Employers should review their classifications of employees and their pay practices to minimize potential exposure in a wage and hour case or government investigation.

Ensure that any employees who are not being paid overtime for hours worked over 40 are accurately classified as exempt. For employees considered exempt under a white-collar exemption, review their pay to ensure that they pass the salary basis test. Evaluate their written job descriptions and actual duties (which often differ from written descriptions) to ensure that they pass the duties test.

If the audit suggests that reclassification is appropriate, begin treating the worker as a non-exempt employee. Convert their salary to an hourly rate. Track their hours and pay them overtime for all hours worked over 40 in a week (and for any other premiums required by state law). Notify the employees of their new pay structure. Consult a labor and employment lawyer for advice about communicating with employees regarding their new classification.

Local Requirements

Many states have their own overtime and other pay requirements. For example, New York requires that non-exempt employees who work days spanning more than 10 hours be paid an extra hour of pay at minimum wage.

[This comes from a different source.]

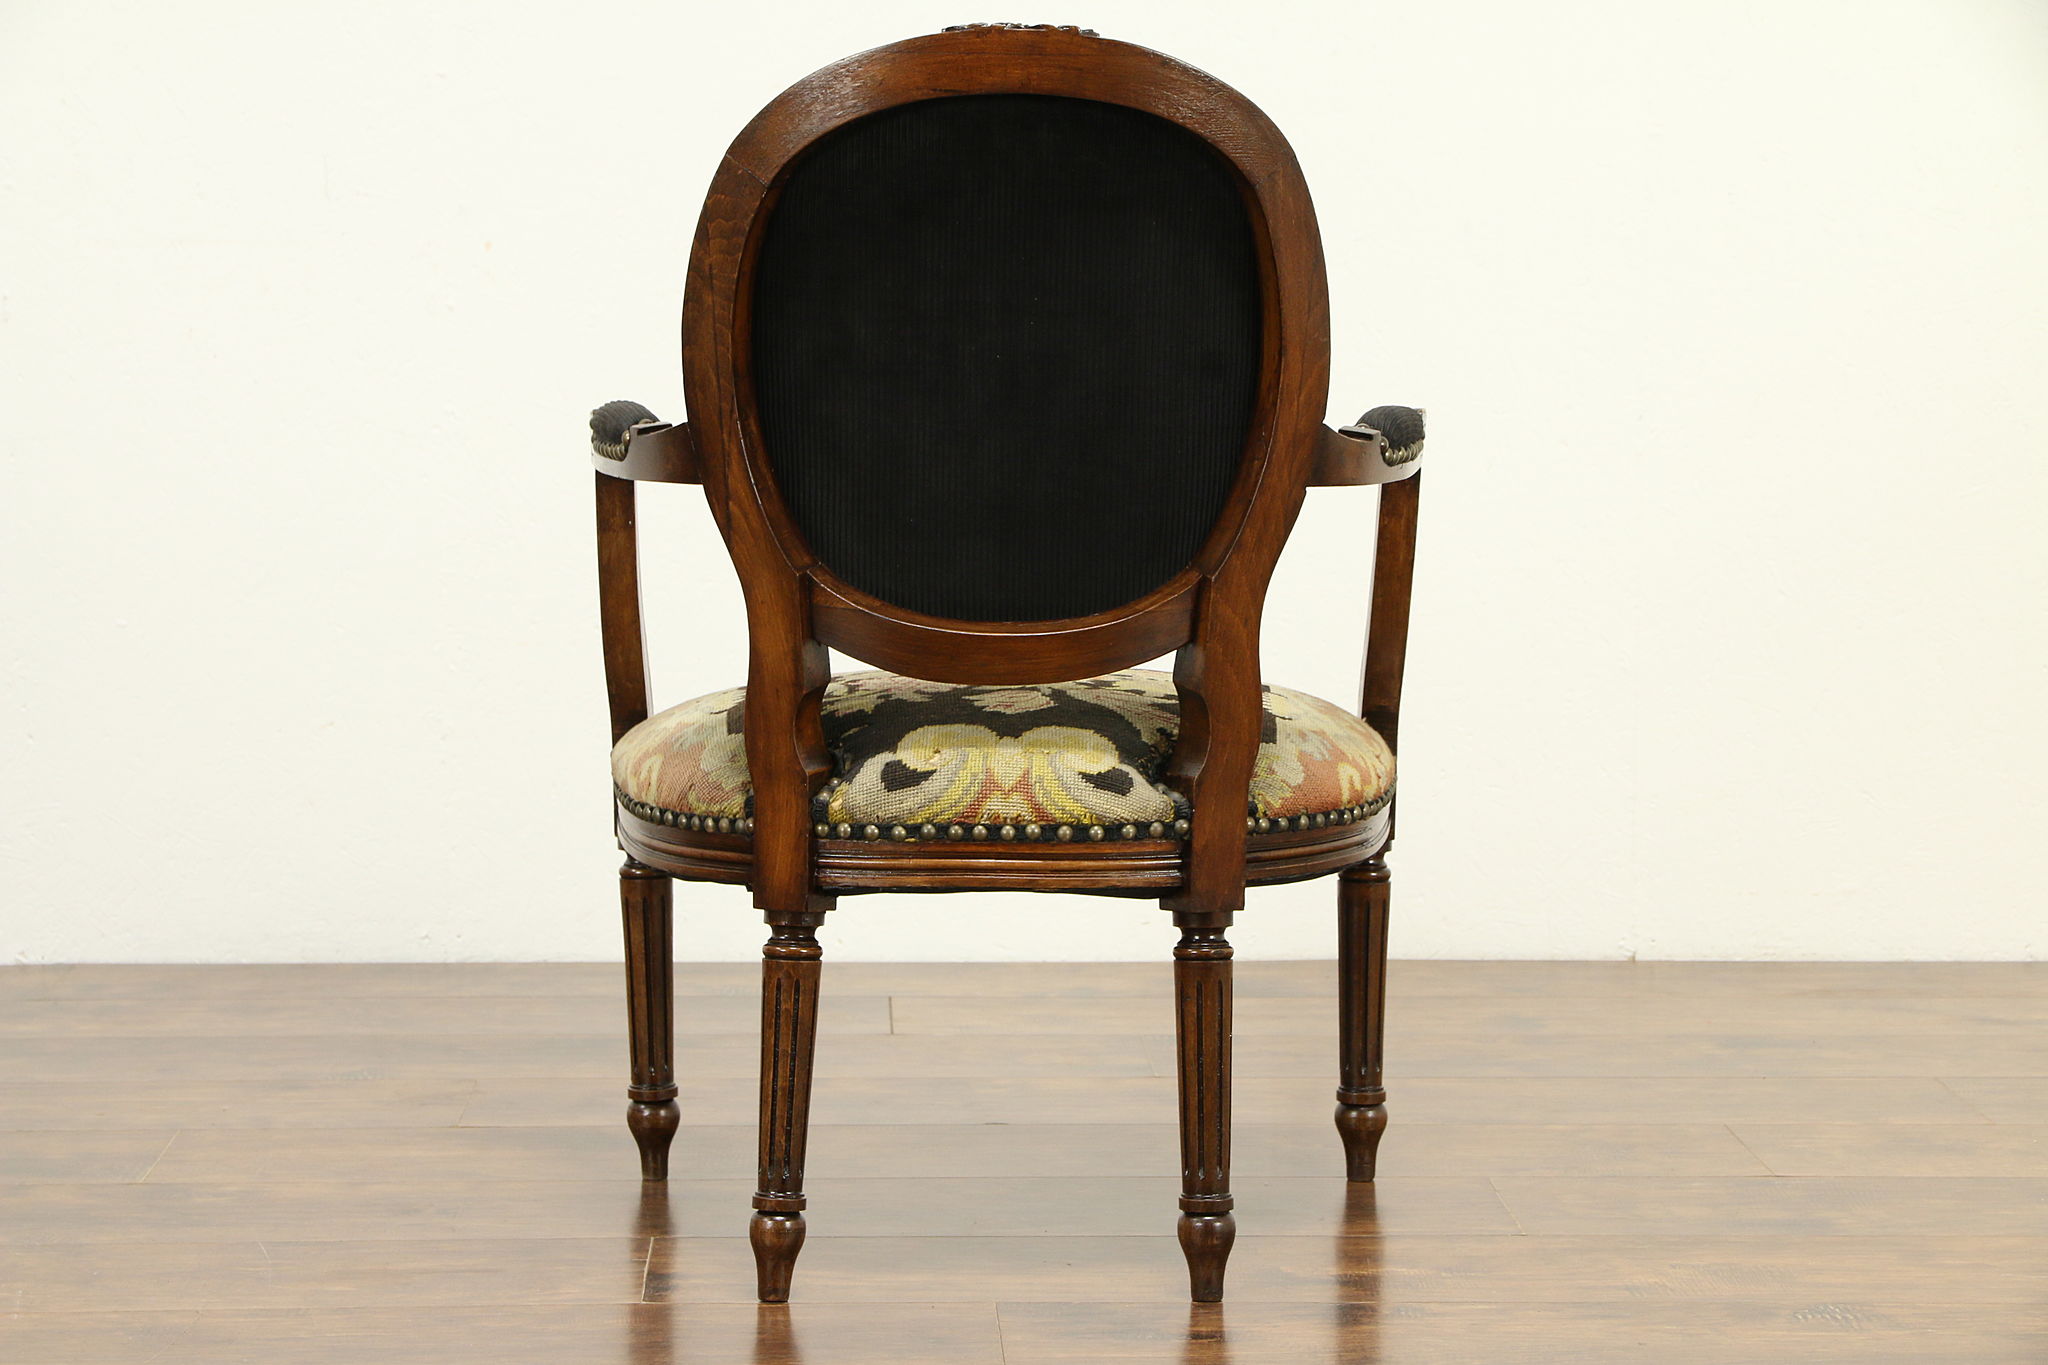 19th century French Louis XVI style arm chair with tapestry upholstery.

An experienced employment attorney can help you conduct the audit and implement any necessary changes while minimizing potential pitfalls during the transition. While this can be an imposing undertaking, it can have an enormous payoff in heading off potential liability and future legal costs.

Ellen Storch, partner at Kaufman Dolowich & Voluck, LLP, represents management in all areas of labor and employment law. She defends international, national, and local employers, as well as public employers and not-for-profit organizations, in various types of employment litigation. Her litigation practice includes discrimination and harassment cases, restrictive covenant disputes, wage and hour claims, and NLRB matters. In addition to litigating on behalf of clients, Storch provides day-to-day advice and counsel to employers regarding the panoply of laws that govern and affect the employment relationship, with special emphasis on litigation avoidance strategies. Contact Ellen Storch at estorch@kdvlaw.com.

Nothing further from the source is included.